Try rollapply from the zoo package:
rollapply(df$income, width=7, FUN = sum, by = 7)
# [1] 487 387 443
Or, use period.sum from the xts package:
period.sum(xts(df$income, order.by=df$date), which(df$wday %in% 7))
# [,1]
# 2011-01-01 487
# 2011-01-08 387
# 2011-01-15 443
Or, to get the output in the format you want:
data.frame(income = period.sum(xts(df$income, order.by=df$date),
which(df$wday %in% 7)),
week = df$week[which(df$wday %in% 7)])
# income week
# 2011-01-01 487 2011-00
# 2011-01-08 387 2011-01
# 2011-01-15 443 2011-02
Note that the first week shows as 2011-00 because that's how it is entered in your data.
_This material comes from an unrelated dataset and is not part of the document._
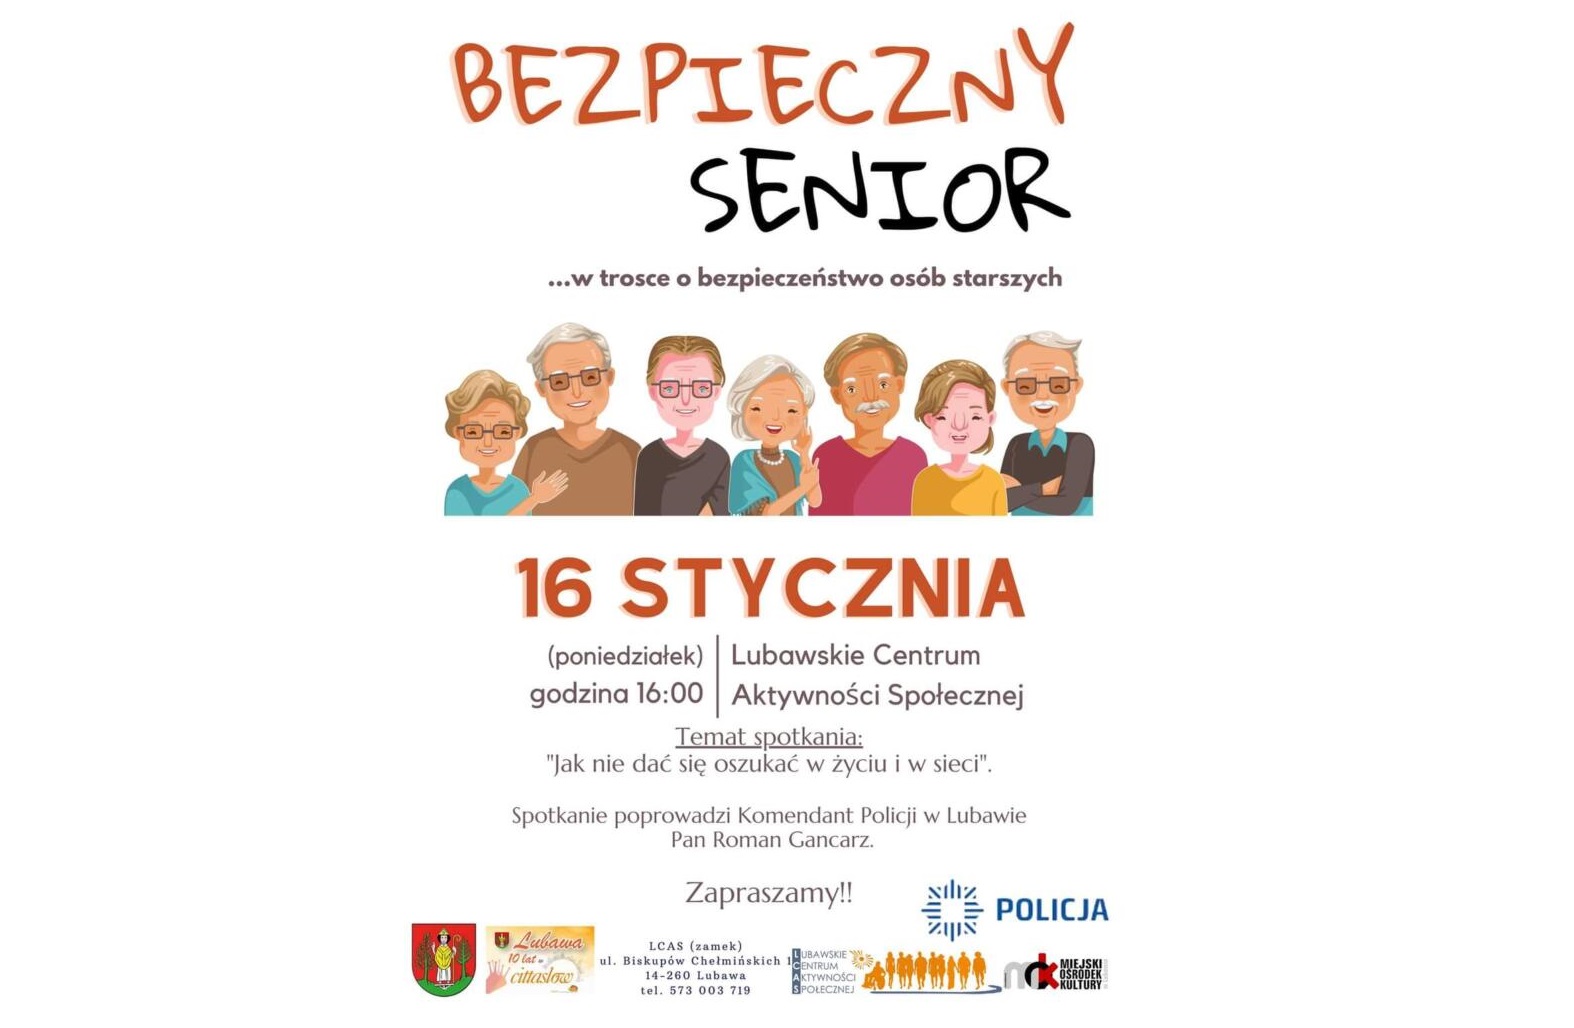 You are currently viewing Bezpieczny senior

You could also use week = df$week[which(df$wday %in% 1)] which would match your output.

This solution is influenced by #Andrie and #Chase.
# load plyr
library(plyr)
# format weeks as per requirement (replace "00" with "52" and adjust corresponding year)
tmp <- list()
tmp$y <- format(df$date, format="%Y")
tmp$w <- format(df$date, format="%U")
tmp$y[tmp$w=="00"] <- as.character(as.numeric(tmp$y[tmp$w=="00"]) - 1)
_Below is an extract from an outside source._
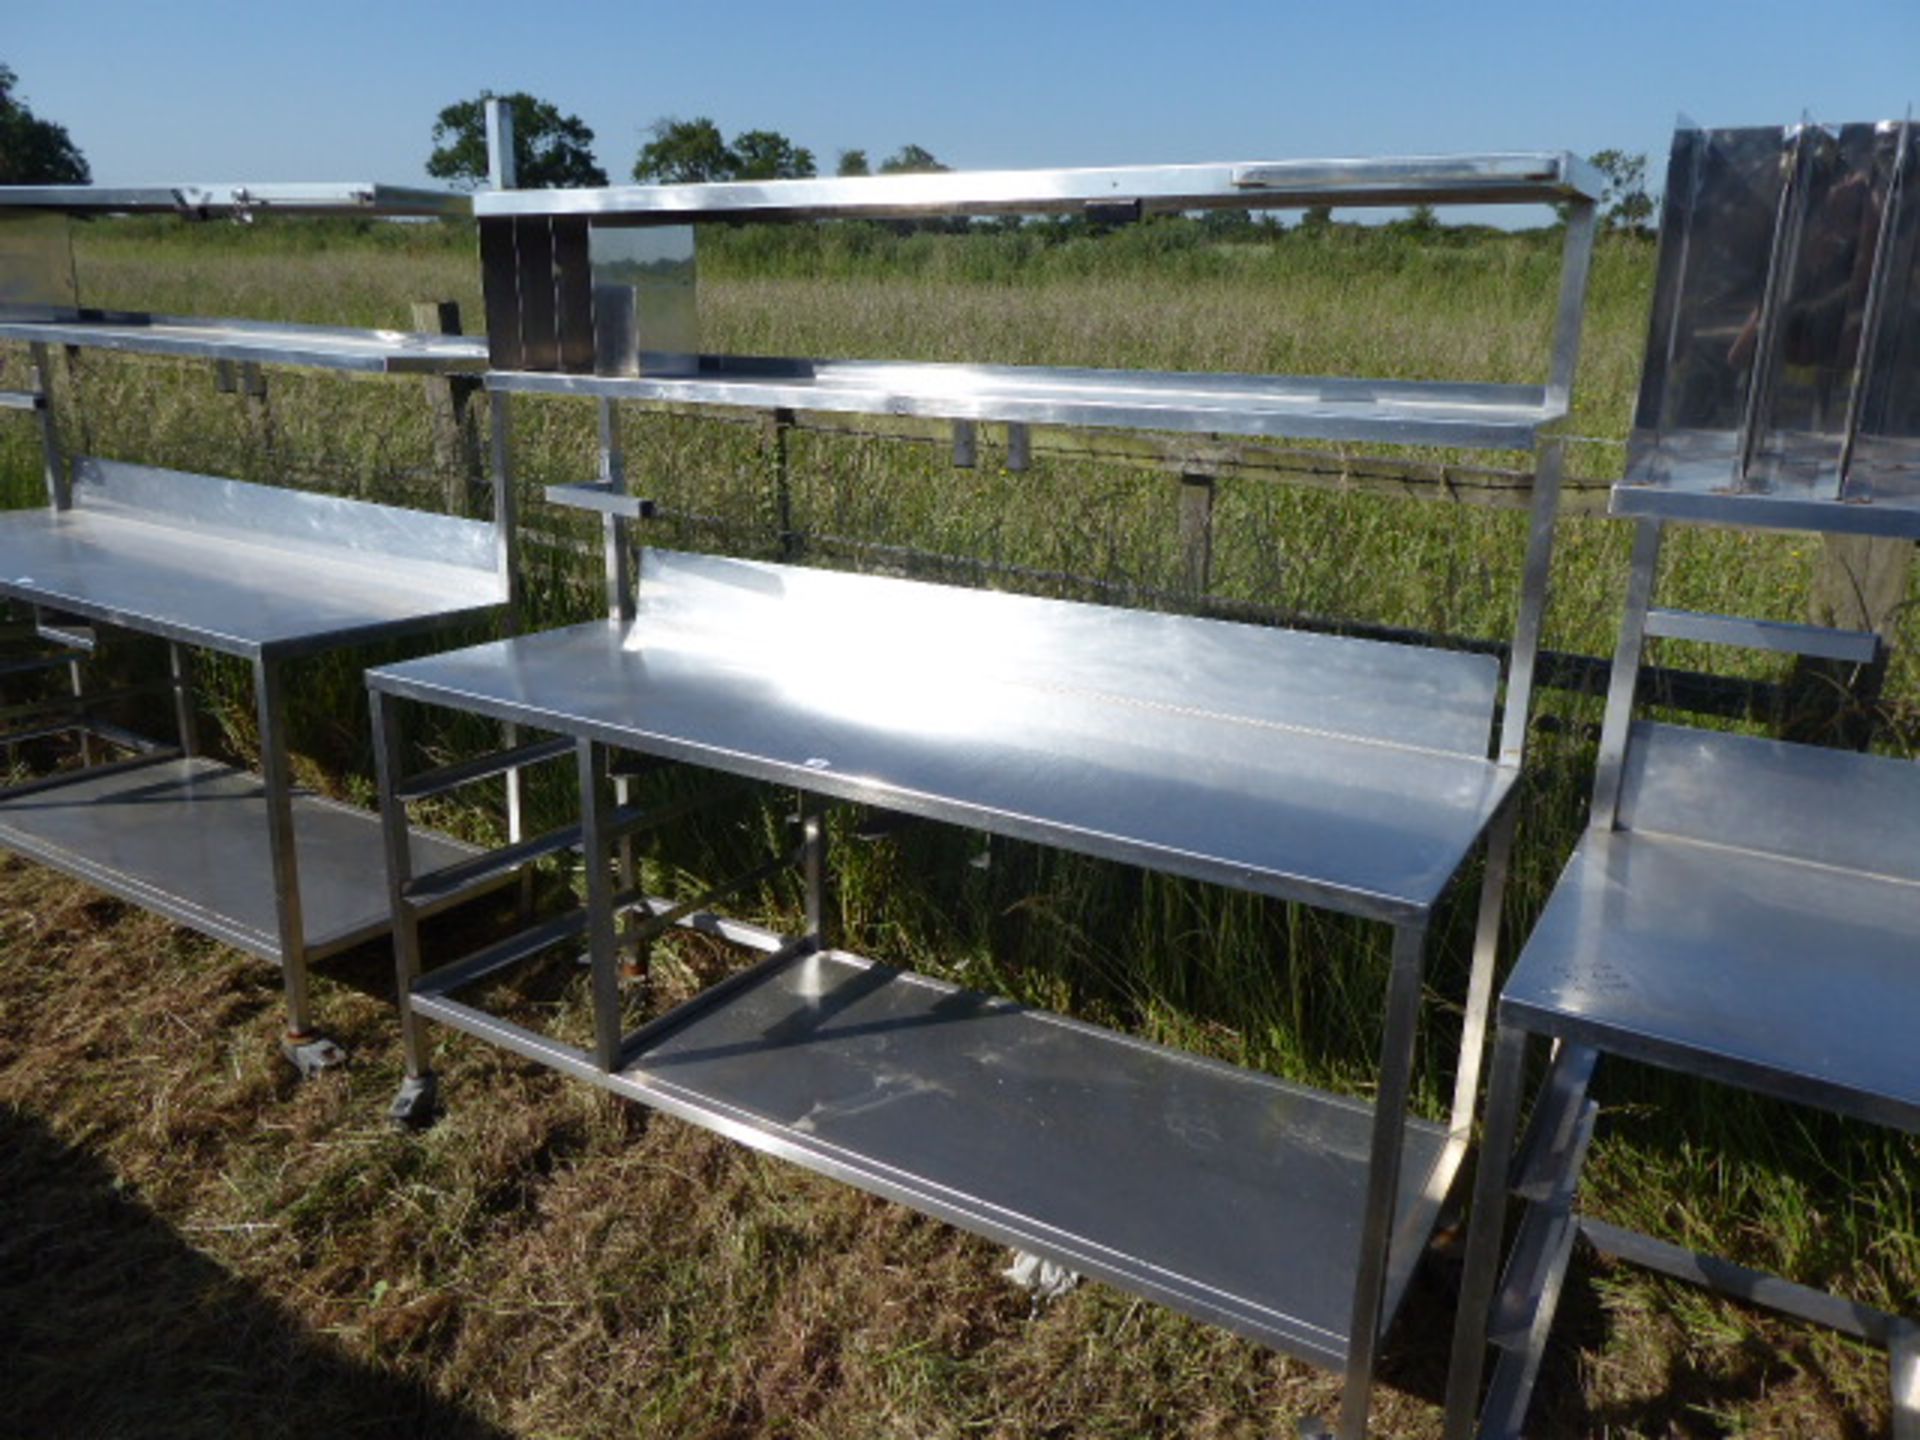 Stainless steel mobile food preparation station with 2 shelves over, shelf under space for trays,

tmp$w[tmp$w=="00"] <- "52"
df$week <- paste(tmp$y, tmp$w, sep = "-")
# get summary
df2 <- ddply(df, .(week), summarize, income=sum(income))
# include week ending date
tmp$week.ending <- lapply(df2$week, function(x) rev(df[df$week==x, "date"])[[1]])
df2$week.ending <- sapply(tmp$week.ending, as.character)
# week income week.ending
# 1 2010-52 487 2011-01-01
# 2 2011-01 387 2011-01-08
# 3 2011-02 443 2011-01-15

df.index = df['week'] #the the dt variable as index
df.resample('W').sum() #sum using resample

With dplyr:
df %>%
arrange(date) %>%
mutate(week = as.numeric(date - date[1])%/%7) %>%
group_by(week) %>%
summarise(weekincome= sum(income))
Instead of date[1] you can have any date from when you want to start your weekly study.